“Is she?”
“I don’t think so-but she’s awful bad off, doctor. I’m scared. Can you come over right away?”
There was a short silence, then Potbury said gruffly, “I’ll be over.”
“Oh, good! Look-what should I do before you get here?”
“Don’t do anything. Don’t touch her. I’ll be right over.” He hung up.
Randall put the phone down and hurried back to the bedroom. Cynthia was just the same. He started to touch her, recalled the doctor’s instructions, and straightened up with a jerk. But his eye fell on the piece of paper from which he had improvised a stethoscope and he could not resist the temptation to check up on his earlier results.
The tube gave back a cheering lubadup; he took it away at once and put it down.
Ten minutes of standing and looking at her with nothing more constructive to do than biting his nails left him too nervous to continue the occupation. He went out to the kitchen and removed a bottle of rye from the top shelf from which he poured a generous three fingers into a water glass. He looked at the amber stuff for a moment, then poured it down the sink, and went back into the bedroom.
She was still the same.
It suddenly occurred to him that he had not given Potbury the address. He dashed into the kitchen and snatched the phone. Controlling himself, he managed to dial the number correctly. A girl answered the phone. “No, the doctor isn’t in the office. Any message?”
“My name is Randall. I-”
“Oh-Mr. Randall. The doctor left for your home about fifteen minutes ago. He should be there any minute now.”
“But he doesn’t have my address!”
“What? Oh, I’m sure he has-if he didn’t have he would have telephoned me by now.”
He put the phone down. It was damned funny-well, he would give Potbury three more minutes, then try another one.

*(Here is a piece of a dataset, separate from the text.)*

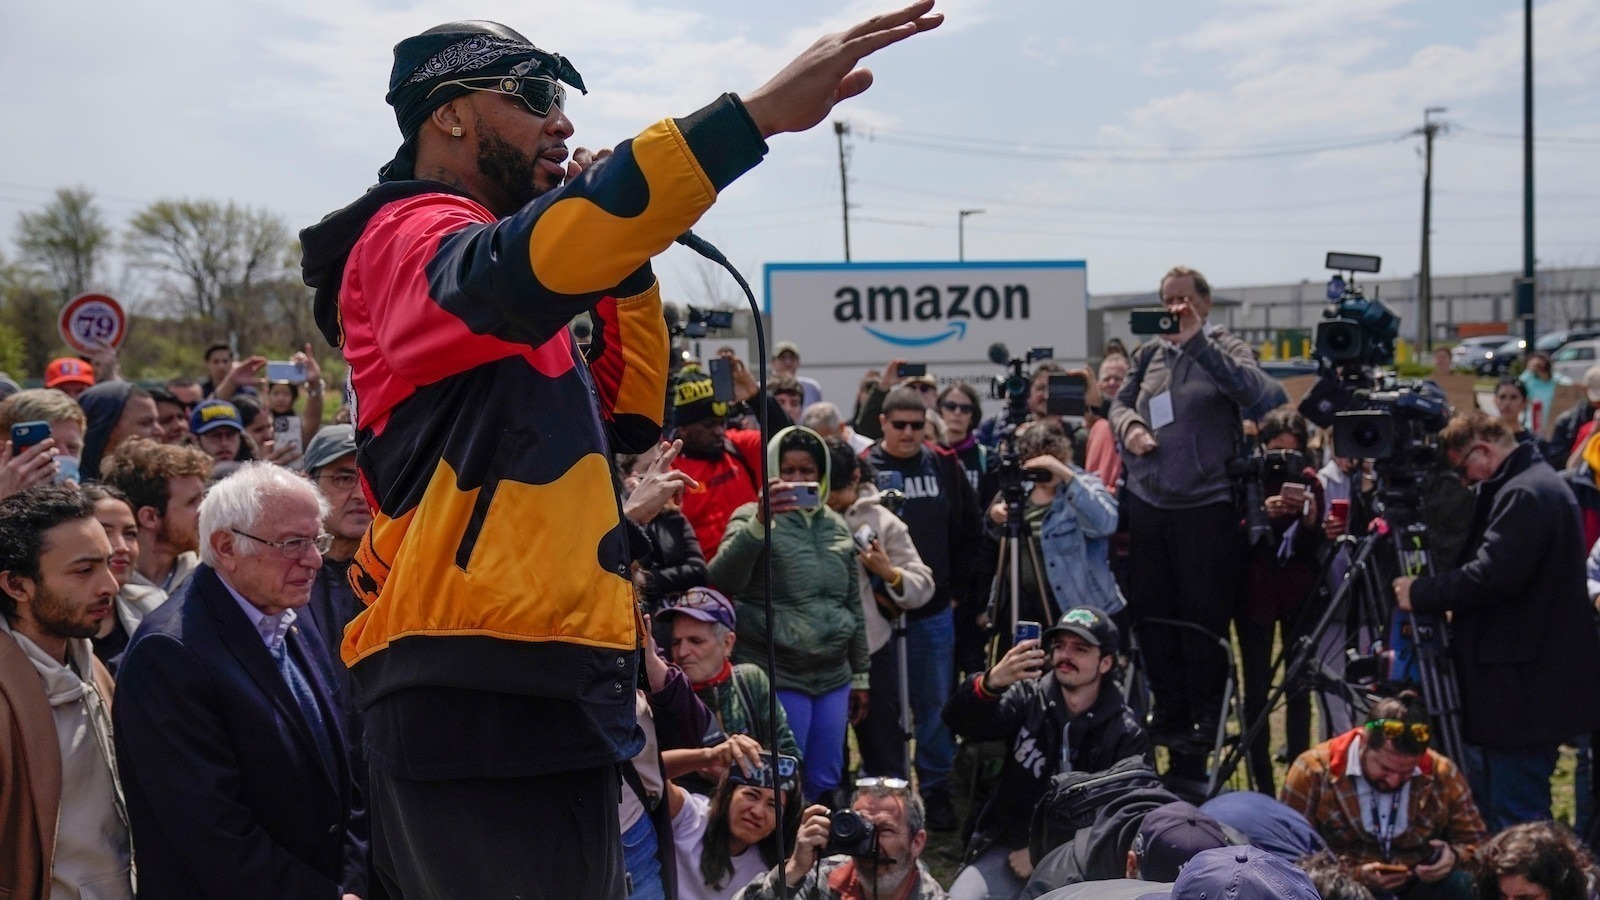 Amazon Labor Union joins Teamsters union amid strife

The house phone buzzed; he was up out of his chair like a punch-drunk welterweight. “Yes?”
“Potbury. That you, Randall?”
“Yes, yes-come on up!” He punched the door release as he spoke.

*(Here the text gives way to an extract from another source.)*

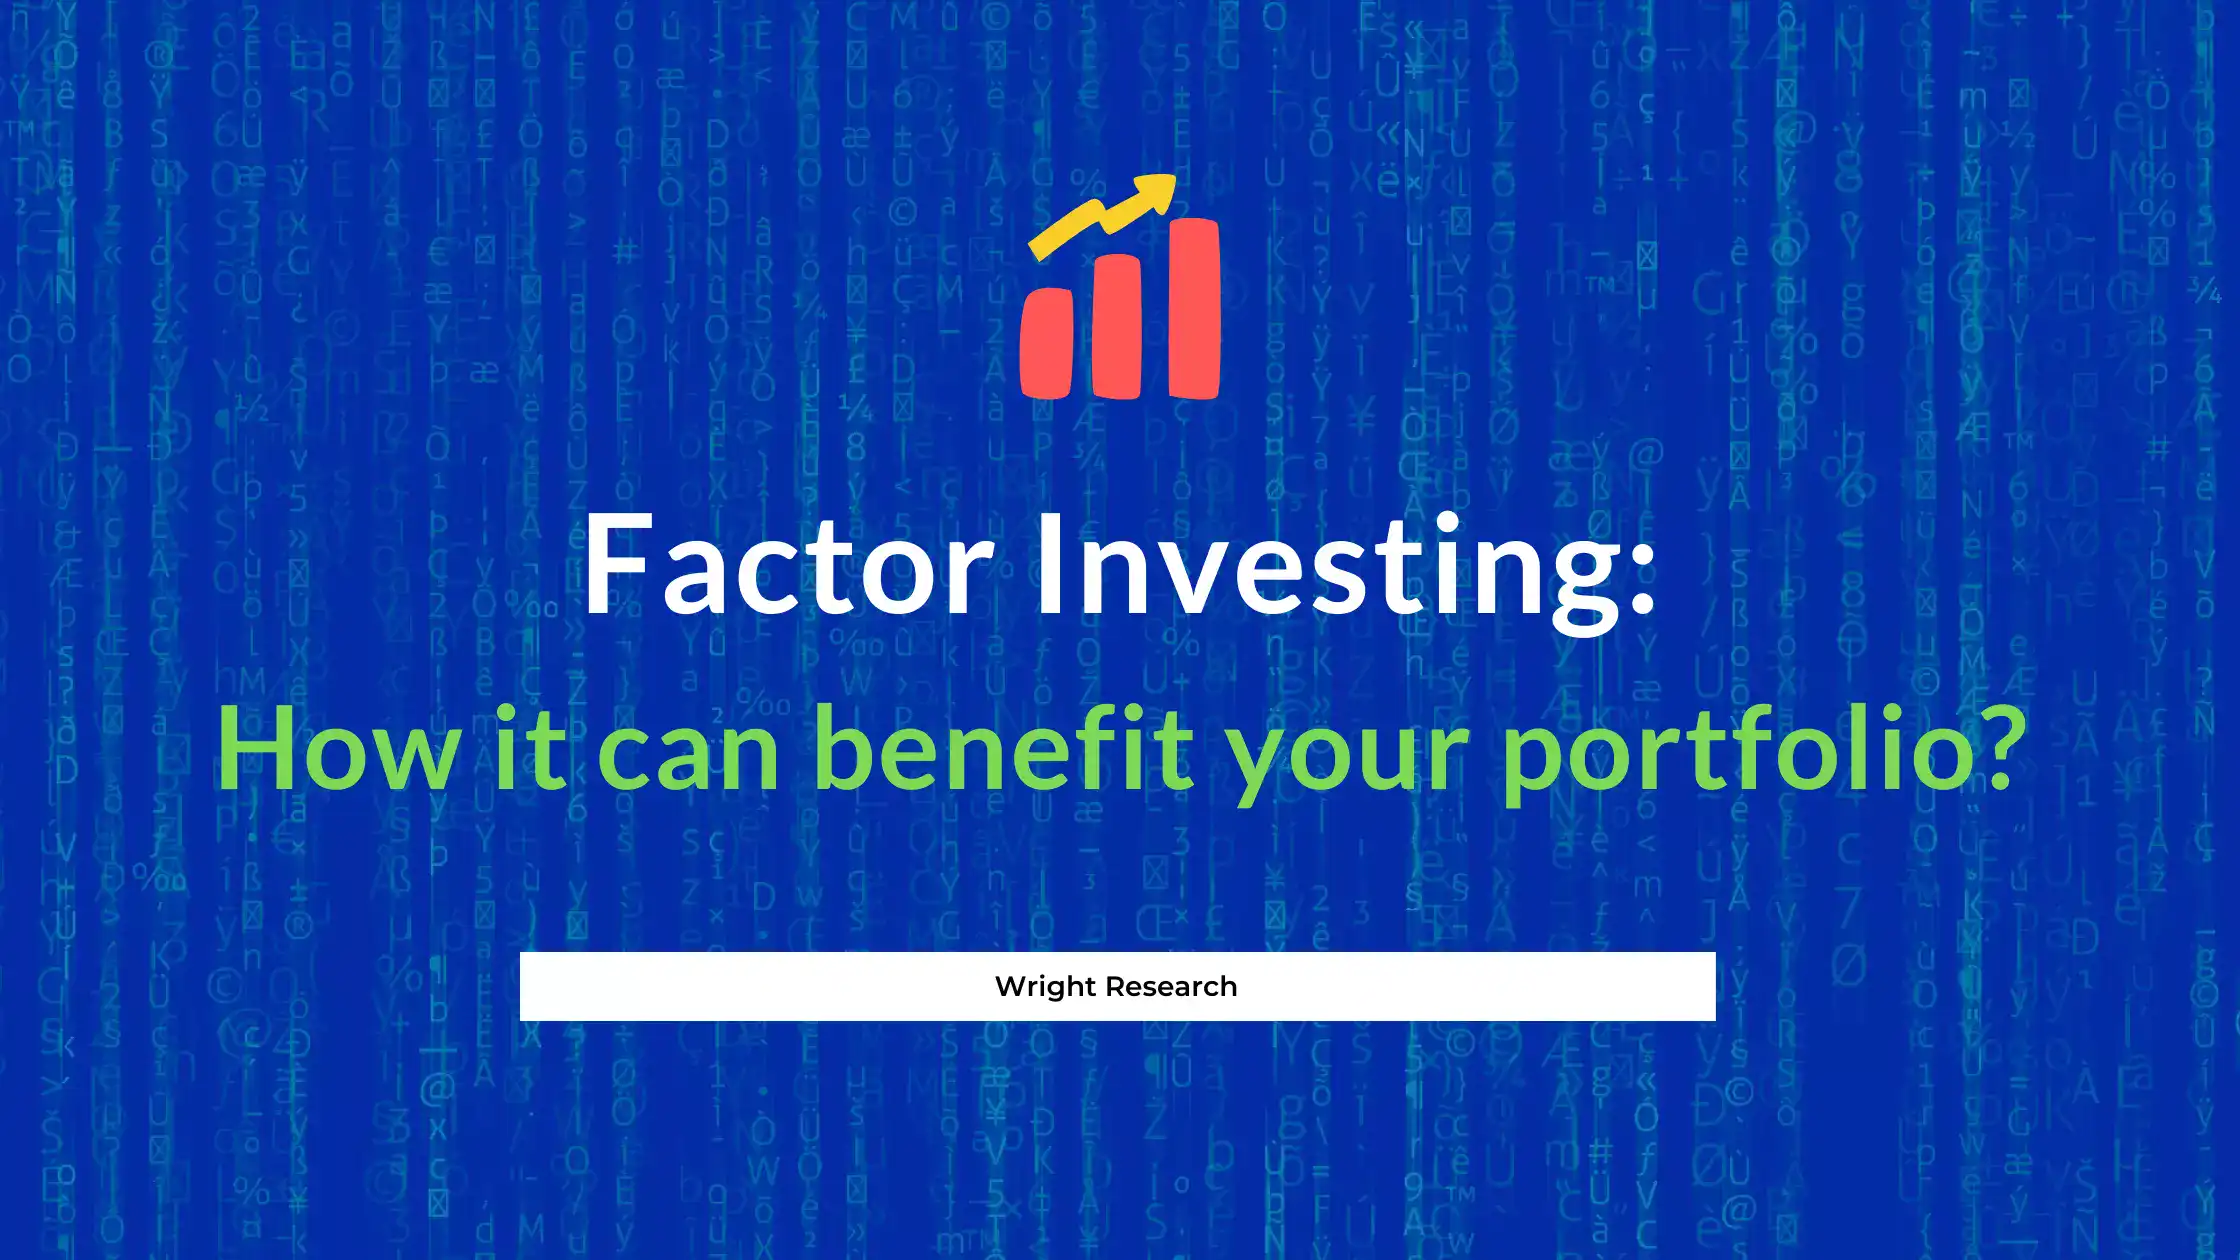 Heard about Factor Investing? Know how it can help in long term investing?

Randall was waiting with the door open when Potbury arrived. “Come in, doctor! Come in, come in!” Potbury nodded and brushed on by him.
“Where’s the patient?”
“In here.” Randall conducted him with nervous haste into the bedroom and leaned over the other side of the bed while Potbury took his first look at the unconscious woman. “How is she? Will she be all right? Tell me, doctor-”

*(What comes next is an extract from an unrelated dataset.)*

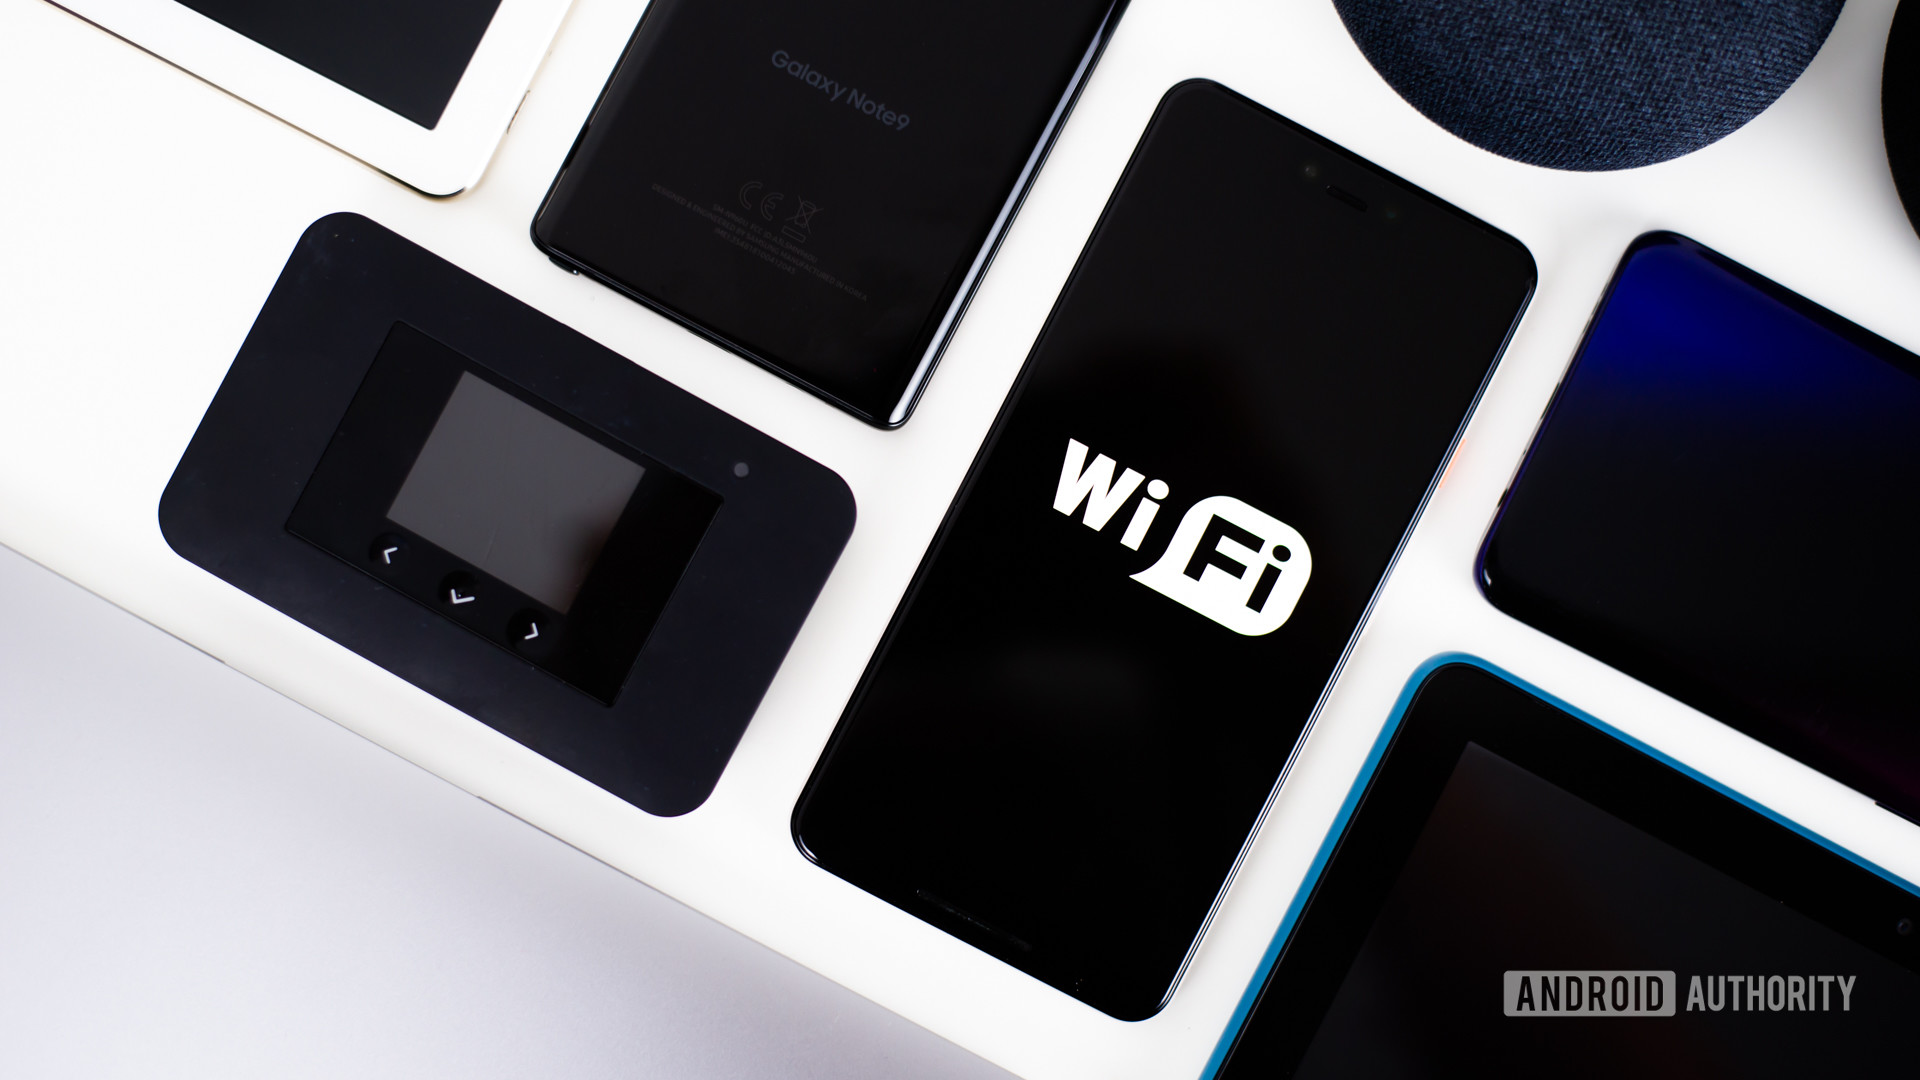 Wi Fi devices stock photo 2 - What to do when phone won't connect to Wi-Fi

Potbury straightened up a little, grunting as he did so, and said, “If you will kindly stand away from the bed and quit crowding me, perhaps we will find out.”
“Oh, sorry!” Randall retreated to the doorway. Potbury took his stethoscope from his bag, listened for a while with an inscrutable expression on his face which Randall tried vainly to read, shifted the instrument around, and listened again. Presently he put the stethoscope back in the bag, and Randall stepped forward eagerly.
But Potbury ignored him. He peeled up an eyelid with his thumb and examined her pupil, lifted an arm so that it swung free over the side of the bed and tapped it near the elbow, then straightened himself up and just looked at her for several minutes.
Randall wanted to scream.
Potbury performed several more of the strange, almost ritualistic things physicians do, some of which Randall thought he understood, others which he definitely did not. At last he said suddenly, “What did she do yesterday-after you left my office?”
Randall told him; Potbury nodded sagely. “That’s what I expected-it all dates back to the shock she had in the morning. All your fault, if I may say so!”
“My fault, doctor?”
“You were warned. Should never have let her get close to a man like that.”
“But . . . but . . . you didn’t warn me until after he had frightened her.”
Potbury seemed a little vexed at this. “Perhaps not, perhaps not. Thought you told me someone had warned you before I did. Should know better, anyhow, with a creature like that.”
Randall dropped the matter. “But how is she, doctor? Will she get well? She will, won’t she?”